I wouldn't choose any other career for myself right now.
Last July, Tynea was gearing up for a huge race in Oregon.
This was the World Championships, which is the biggest championship that we have as professional sprinters for the year.
Tainia had been training for months, day after day, to get ready for this championship.
and she'd reached the semifinals of the 100-meter dash.
These moments are everything to us.
It was a beautiful day, high 70s, clear blue sky.
Got out on the track, everything was perfect.
I was really zoned in to this race because I knew what I was capable of.
I knew that I was ready to run the race of my life.
China Gaither at the Bahamas.
She lined up in the second lane.
Twice a world championship finalist over 200.
And Tanya was locked in.
If you go back and watch the video, you can just see how, like, tense my face looks.
I'm like, okay, yeah, like this is going to be great.
She made sure to do her pre-race ritual.
My teammates like to laugh at me about that.
I slap my legs, and I throw my arms up in the air and throw them back over my head
and just do like a little shimmy with my shoulders.
And then I get into the blocks.
She set up in the blocks, one leg in front, one leg behind,
with both her hands on the ground in front of her.
I heard the crowd go quiet.
Of course, you can hear a few murmurs or whatever, but that's normal.
And, you know, when everybody gets set and still,
only when everybody's still, they'll stay set,
and you'll come up in your set position,
and then I heard the gun go off,
and I took off, and then I heard the gun go off again,
and then I stopped.
At this point, it was all confusion.
That second gun was officials stopping the race
because someone had broken a rule.
I can't see from this angle.
No, I'm not sure I can see that to the naked eye either.
It's a bit hard to hear,
but behind the voices of the commentators,
you can just make out an in-stadium announcement.
False start, line two.
Yeah, it's coming up on our screen.
A false start means that Tynea didn't wait for the gun
before she reacted.
She started too early.
I couldn't believe it because I just knew it wasn't me.
There was no way.
I've never false started ever in my life.
After a false start, all the runners have to line up again and restart.
But without Tynea this time,
because once you fall start, you're immediately disqualified.
I thought it was an error.
It wasn't immediately obvious to the naked eye.
I quite like to see that again.
I knew I started once.
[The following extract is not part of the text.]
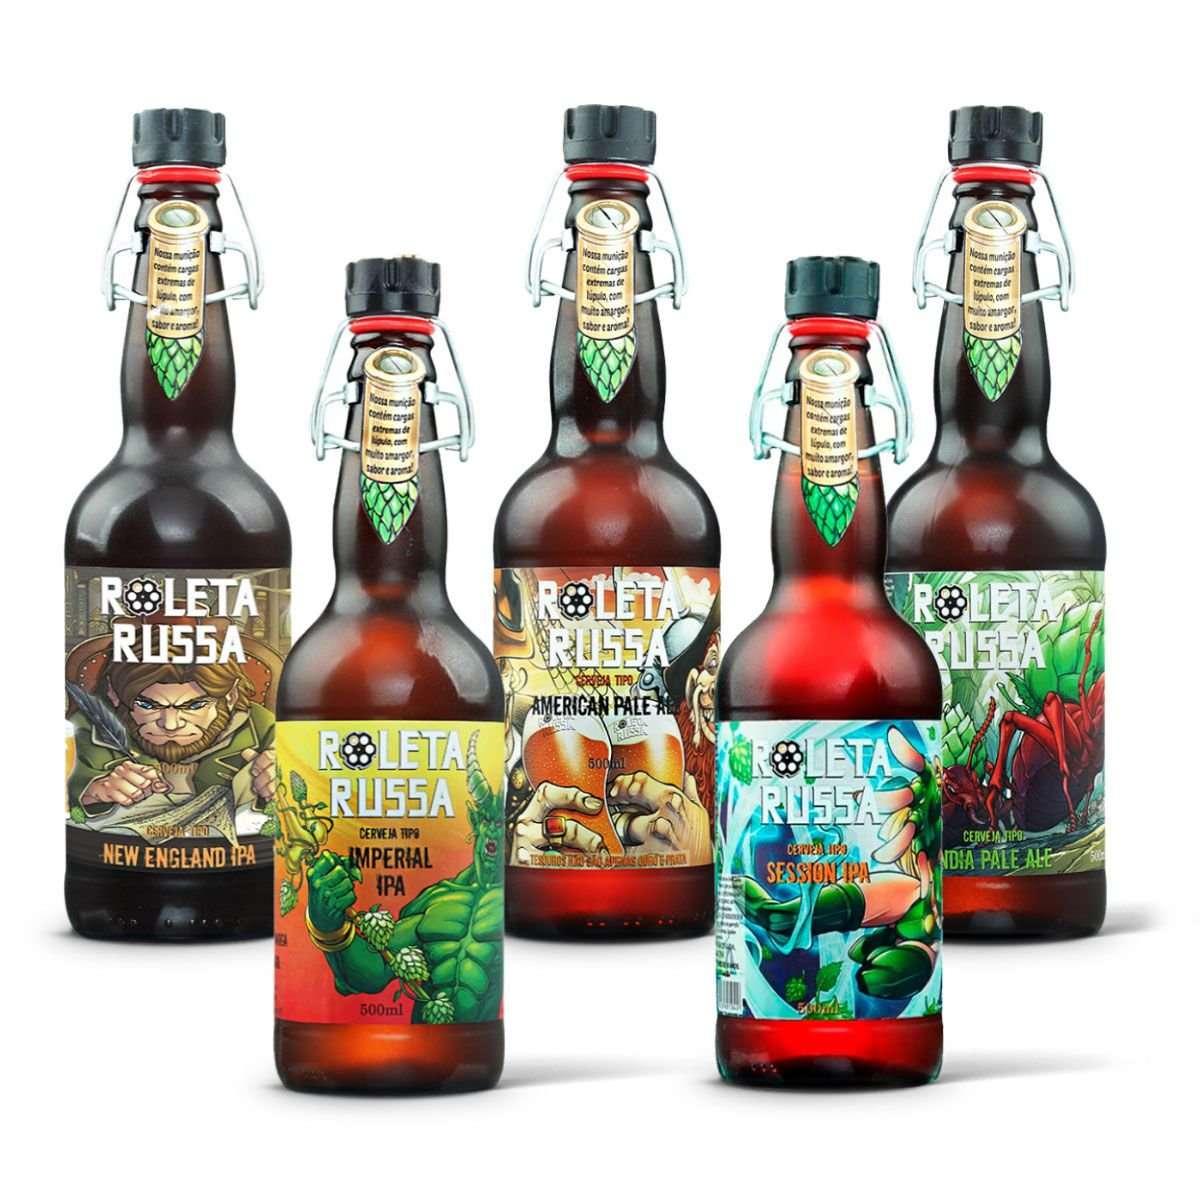 Kit Degustação – Cerveja Roleta Russa - 5 Cervejas

I heard that gun go off.
That one was so tight. I think it was indiscernible.
The crowd was like, no, no, like, you didn't fall start.
Crowd don't like it.
They was like, protest, protest, no, you didn't do anything.
And then I was like, okay, no, I'd like to protest.
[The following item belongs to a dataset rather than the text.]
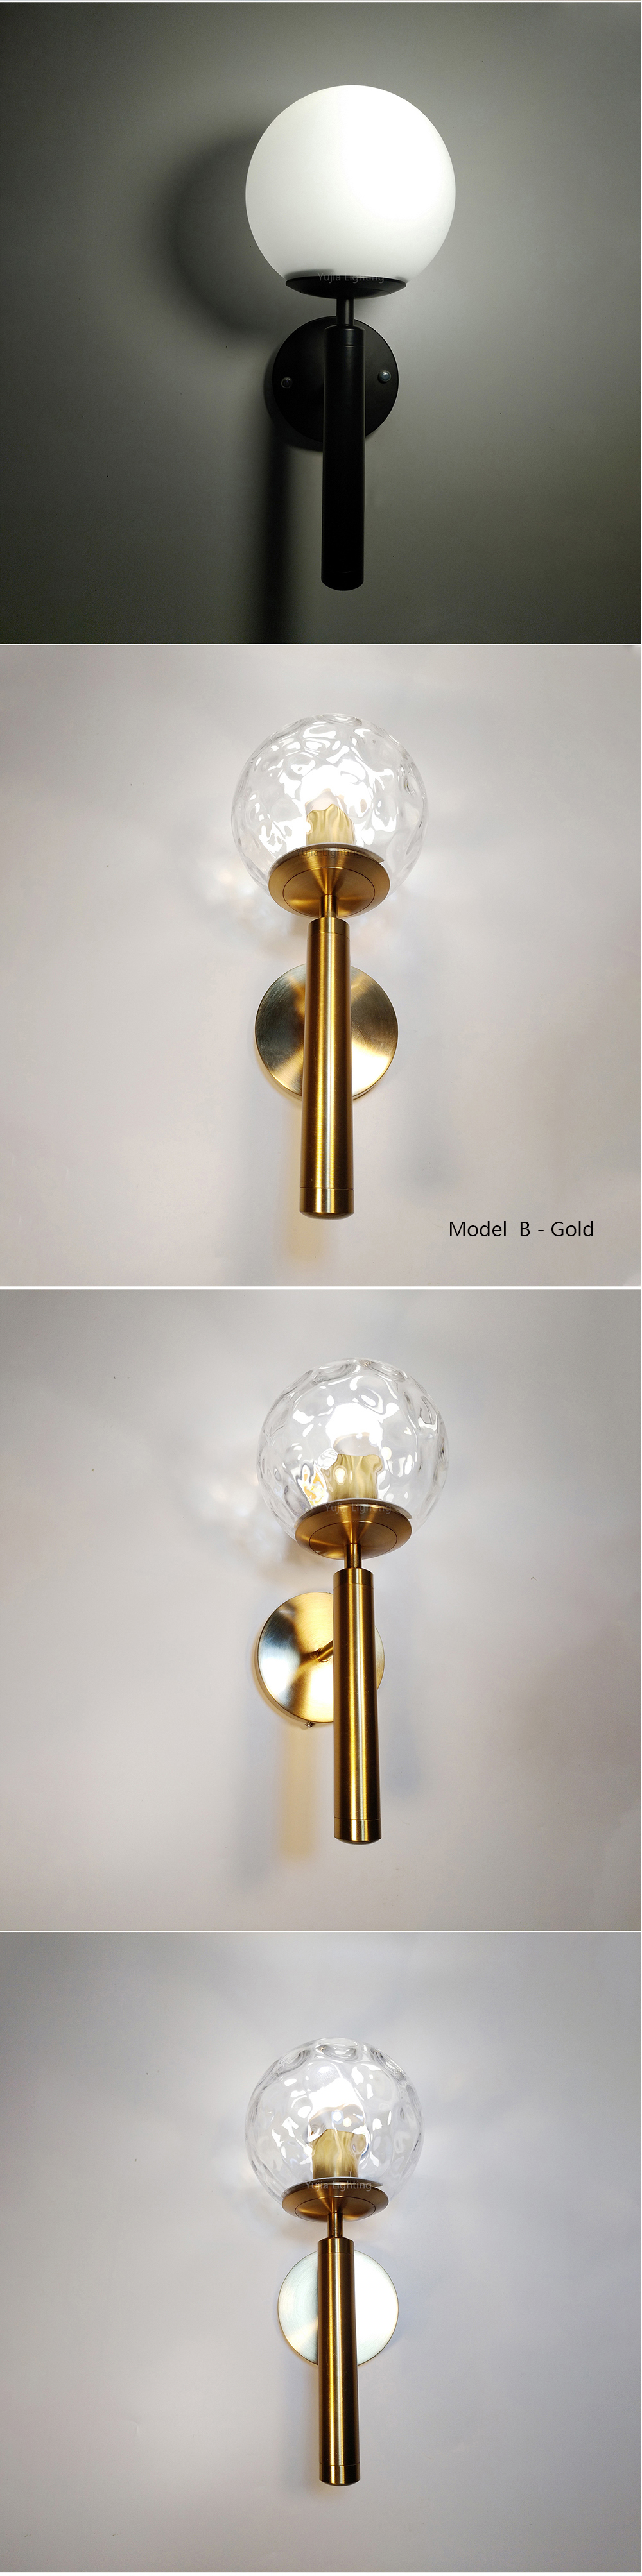 bola vidro wandlamp up down espelho do

Okay, so this might take a little while.
Tainia walked off the track to make her case to the official.
And he has a little screen that shows him the video replay.
Wow, that's so much.
That's really hard to tell with the naked eye.
Literally looked like I did nothing wrong.
But the official wasn't just looking at the replay.
He also showed me my reaction time, and it was like lit up in red,
which means, you know, basically the start was just too fast.
Pressure sensors in the starting blocks
showed that Tainia had started 0.093 seconds.
after the gun went off.
After the gun went off.
Like I'm mind-blown.
You're telling me, I'm penalized for something I did
after the gun went off.
Just a reminder, I know many of you will be familiar with this.
If it's quicker than a tenth of a second,
it's deemed to be illegal.
Tenia was officially disqualified
for reacting 7,000th of a second quicker
than the legal limit.
According to what they were trying to tell us,
no human can possibly move that fast
without anticipating it.
The officials were saying that
because it's impossible to react
within a tenth of a second,
Tainia must have started
before the gun went off,
even if no one could see it.
They were basically telling Tainia,
you didn't wait for the gun to go off
before you started.
You cheated.
You guessed.
There was no guessing in my start.
My coach trains us to wait
until we hear the start.
In fact, sometimes she'll hold it extra long for us
just to see if we would jump out the block.
So we train to make sure
that we don't throw away our opportunities.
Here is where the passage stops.